The psychological impact of using the Kalman Absorption/Distribution Tracker cannot be overstated. Uncertainty is the root of emotional error in trading. When a trader buys a pullback, the fear of the price continuing to drop is palpable. However, if that trader has quantitative evidence that selling pressure is being absorbed—if they can see the "Hidden Net" turning positive and the Kalman velocity slowing down despite the red candles—that fear is replaced by conviction. The tool acts as an objective third party, decoupling the decision-making process from the emotional sway of price ticks. It anchors the trader in the reality of the order flow. It fosters a mindset of "buying strength in weakness" and "selling weakness in strength," which is the antithesis of the typical retail urge to chase price.
Furthermore, the adaptability of the script through its inputs allows it to be tuned to specific assets. The "Alpha" and "Beta" settings of the Kalman filter control its sensitivity. A higher Alpha makes the filter more responsive to recent price changes, suitable for scalping volatile assets like cryptocurrencies. A lower Alpha smooths the data further, ideal for capturing broader trends in thicker markets like the ES or Treasuries. The "Price Follow Threshold" allows the user to define what constitutes "efficiency" for a specific instrument. By tweaking these parameters, the trader effectively calibrates their radar to the specific frequency of the market they are trading, ensuring that the signals generated are relevant and actionable. This customizability ensures that the tool is not a black box but a transparent framework for market analysis.

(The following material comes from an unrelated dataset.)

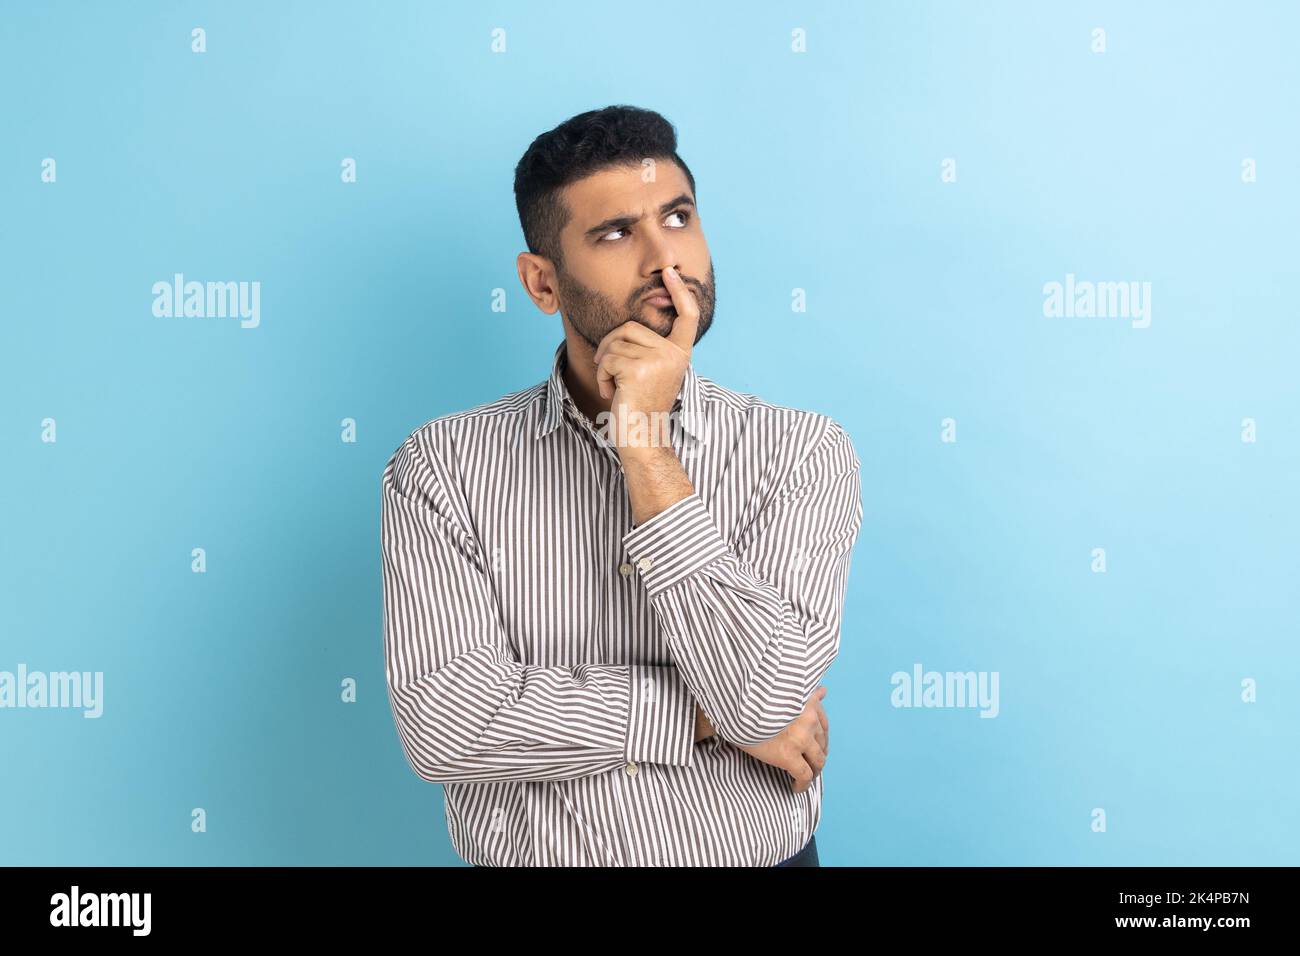 Portrait of thoughtful handsome bearded businessman holding his chin and pondering idea, confused not sure about solution, wearing striped shirt. Indoor studio shot isolated on blue background. Stock Photo

The distinction between "Confirmed Net" and "Hidden Net" on the dashboard offers a dual-layer view of market sentiment. "Confirmed Net" tracks the visible trend—the moves that everyone sees. A high positive Confirmed Net means the trend is healthy and obvious. "Hidden Net," however, tracks the invisible war. A divergence between these two is a powerful signal. For instance, if the market is grinding higher (Positive Confirmed Net) but the Hidden Net is deeply negative (Distribution), it indicates a "hollow rally." The price is rising due to a lack of selling, not the presence of strong buying, and passive sellers are unloading into the move. This setup often precedes a violent correction. Identifying this "hollow" structure allows the trader to avoid buying the top or to position themselves for a mean reversion trade.

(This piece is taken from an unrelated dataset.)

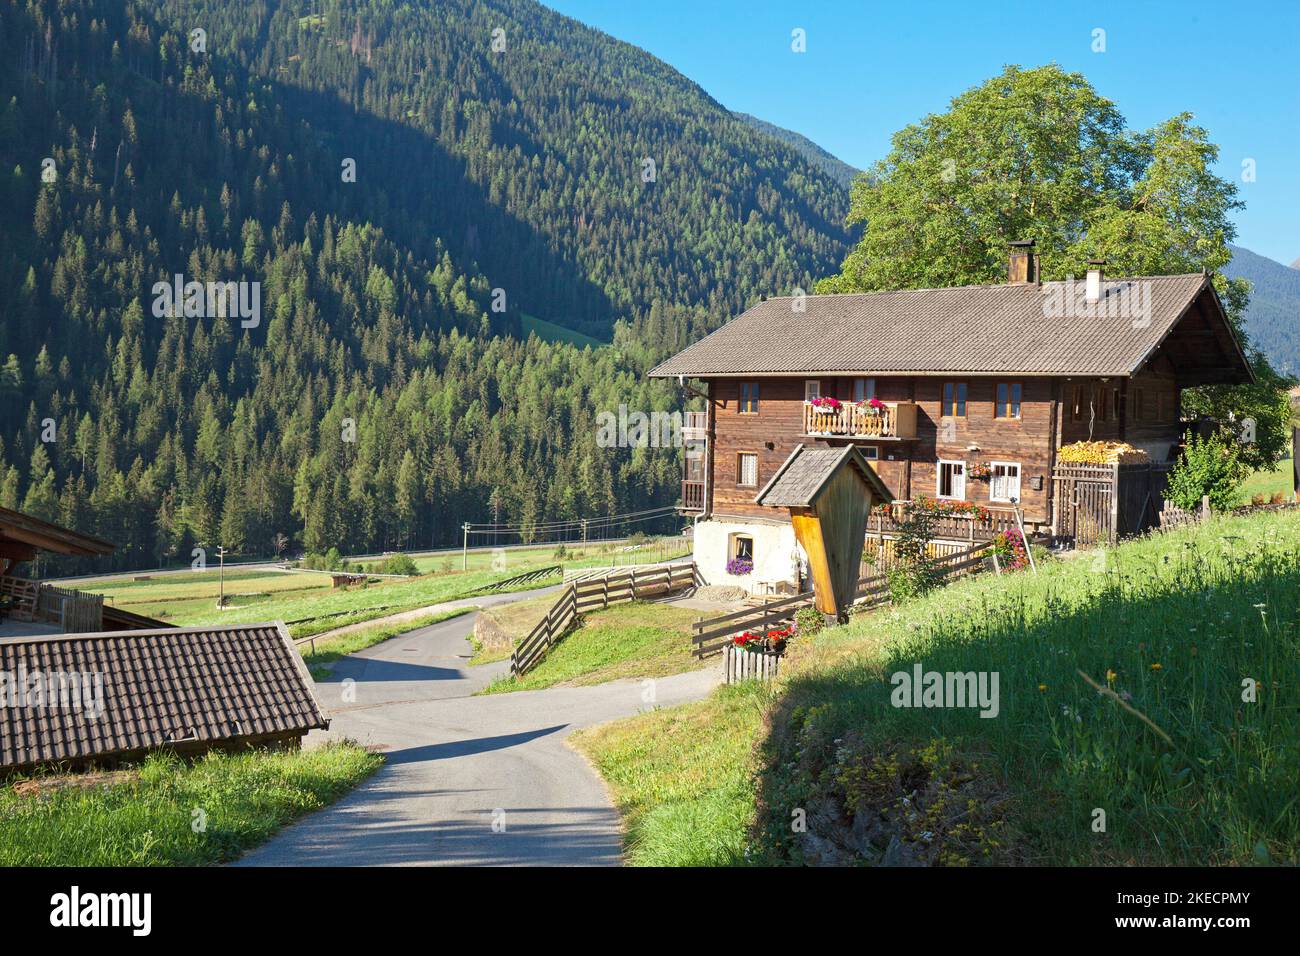 Mountain farmhouse surrounded by meadows and forest in the South Tyrolean Ulten Valley Stock Photo

The 1-second granularity also shines during news events and the market open. These periods are characterized by extreme volatility and noise. Standard indicators often blow out or provide false signals during these times due to the sheer magnitude of the variance. The Kalman filter, however, is designed to handle noisy data streams. By dynamically adjusting its state estimates, it can track the dominant flow of capital even through the chaos of an FOMC release or the opening bell. The "Close-to-Close" logic ensures that every tick is accounted for, providing a cumulative picture of who won the opening battle. If the first minute of the session sees high volatility but the script registers massive "Absorption," it suggests that the initial volatility was a liquidity grab, setting the stage for a steady move in the opposite direction.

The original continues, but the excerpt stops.